We can also try to read data directly from url link. This time, the .csv file is compressed as housing.tgz. We need to download the file and then decompress it. So you can write a small function as below to realize it. It is a worthy effort because you can get the most recent data every time you run the function.

 import os
import tarfile
from six.moves import urllib
DOWNLOAD_ROOT = "https://raw.githubusercontent.com/ageron/handson-ml/master/"
HOUSING_PATH = "datasets/housing"
HOUSING_URL = DOWNLOAD_ROOT + HOUSING_PATH + "/housing.tgz"
def fetch_housing_data(housing_url=HOUSING_URL, housing_path=HOUSING_PATH):
if not os.path.isdir(housing_path):
os.makedirs(housing_path)
tgz_path = os.path.join(housing_path, "housing.tgz")
urllib.request.urlretrieve(housing_url, tgz_path)
housing_tgz = tarfile.open(tgz_path)
housing_tgz.extractall(path=housing_path)
housing_tgz.close()

when you call fetch_housing_data(), it creates a datasets/housing directory in your workspace, downloads the housing.tgz file, and extracts the housing.csv from it in this directory.
Now let’s load the data using Pandas. Once again you should write a small function to load the data:

import pandas as pd
def load_housing_data(housing_path=HOUSING_PATH):
csv_path = os.path.join(housing_path, "housing.csv")
return pd.read_csv(csv_path)

What’s more?

These methods are what I have met so far. In typical environments your data would be available in a relational database (or some other common datastore) and spread across multiple tables/documents/files. To access it, you would first need to get your credentials and access authorizations, and familiarize yourself with the data schema. I will supplement more methods if I encounter in the future.

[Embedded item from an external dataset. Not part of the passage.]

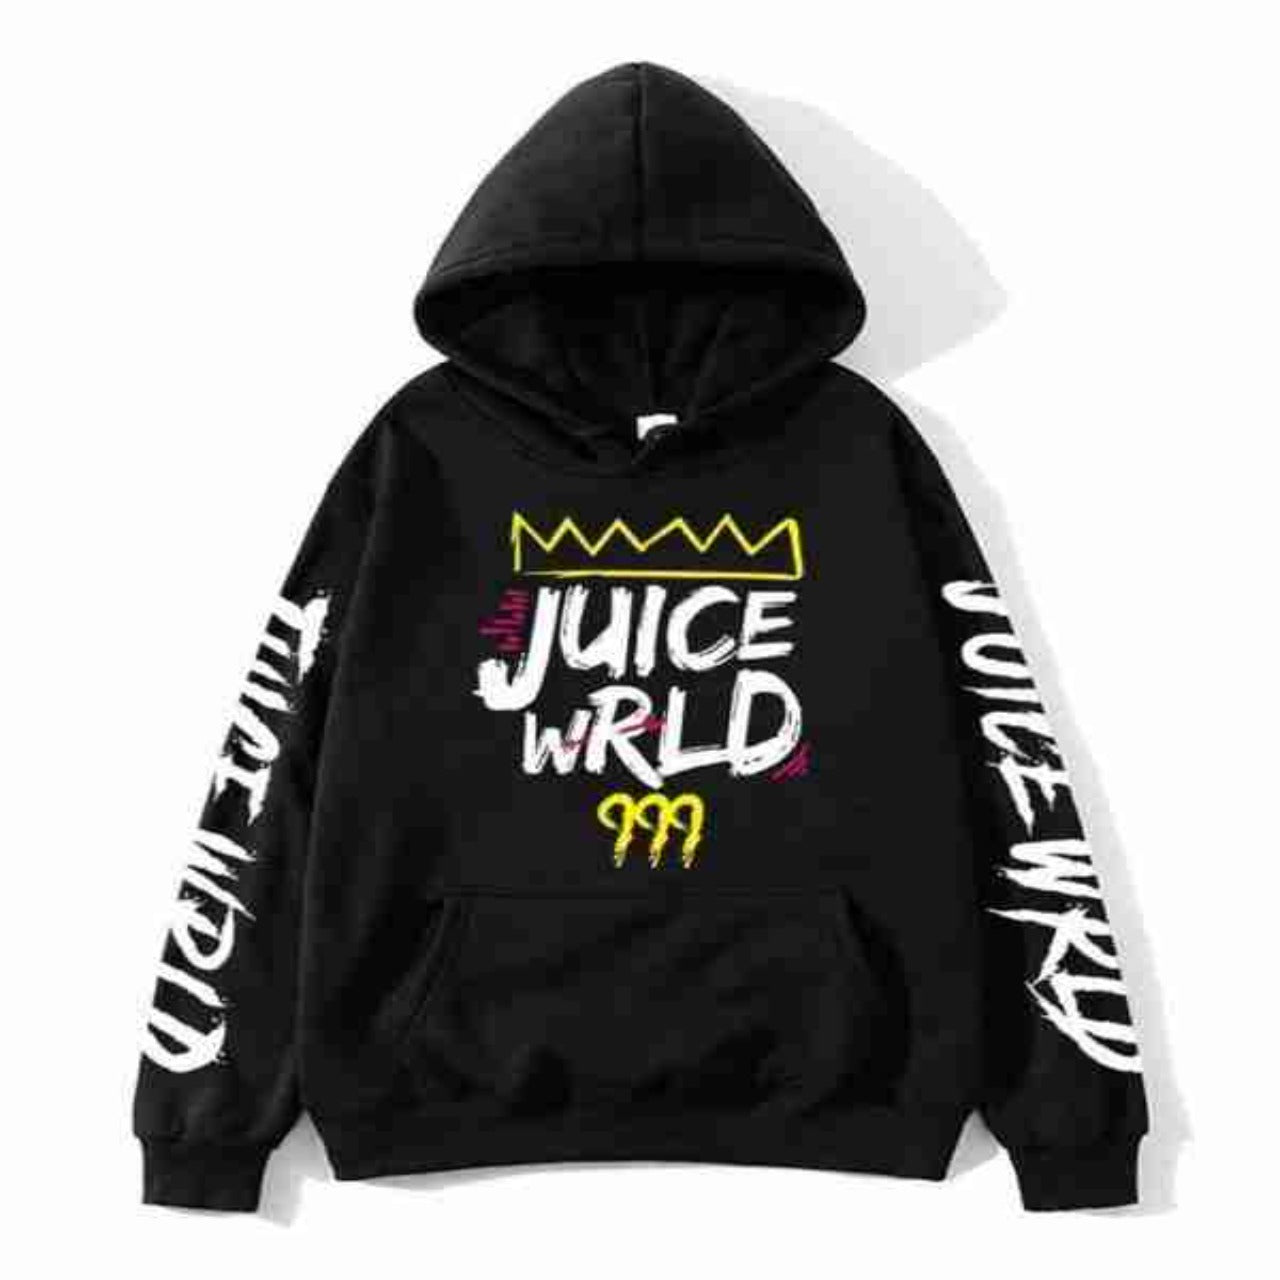 Juice WRLD 999 Hoodie
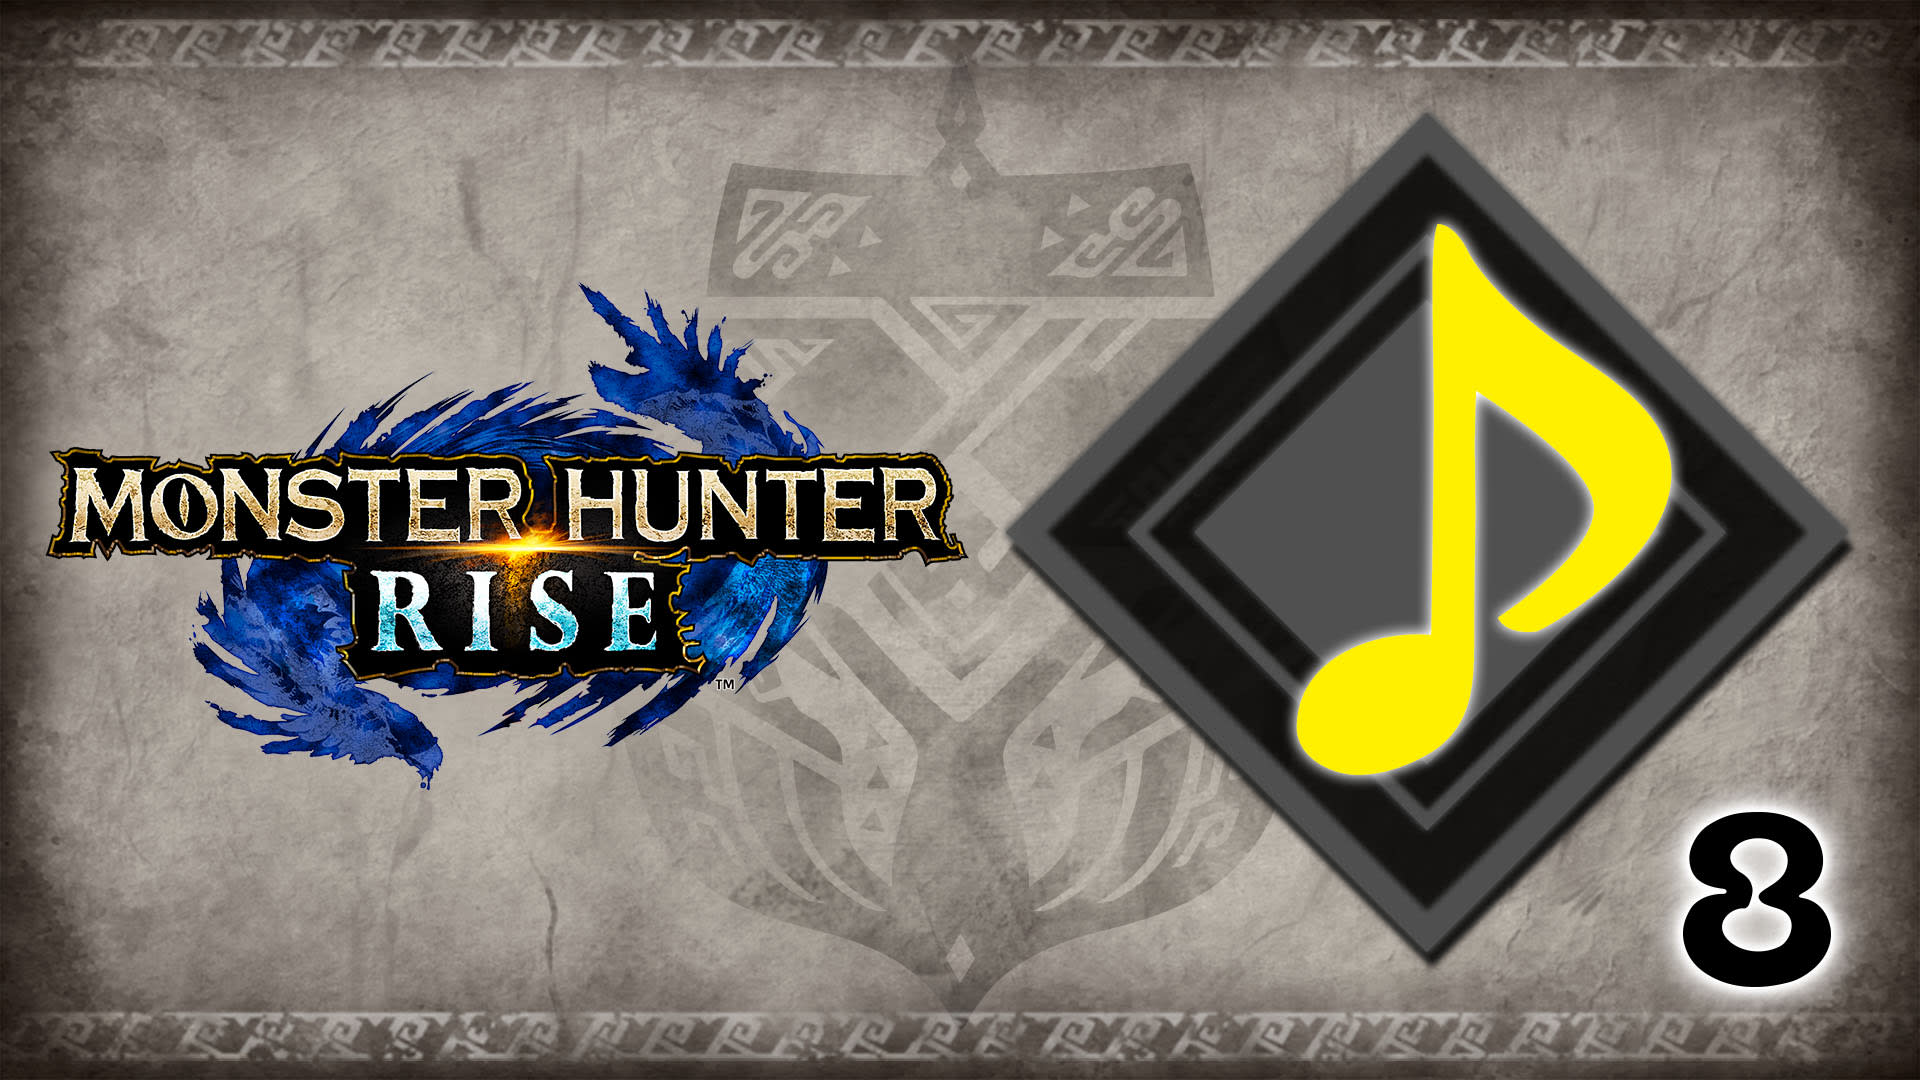 Músicas de fundo "Monster Hunter Series Bases Pt. 2"

[Machine Learning with Python] How to get your data?的更多相关文章

  1. 【Machine Learning】Python开发工具:Anaconda+Sublime

    Python开发工具:Anaconda+Sublime 作者:白宁超 2016年12月23日21:24:51 摘要:随着机器学习和深度学习的热潮,各种图书层出不穷.然而多数是基础理论知识介绍,缺乏实现 ...

  2. Python (1) - 7 Steps to Mastering Machine Learning With Python

    Step 1: Basic Python Skills install Anacondaincluding numpy, scikit-learn, and matplotlib Step 2: Fo ...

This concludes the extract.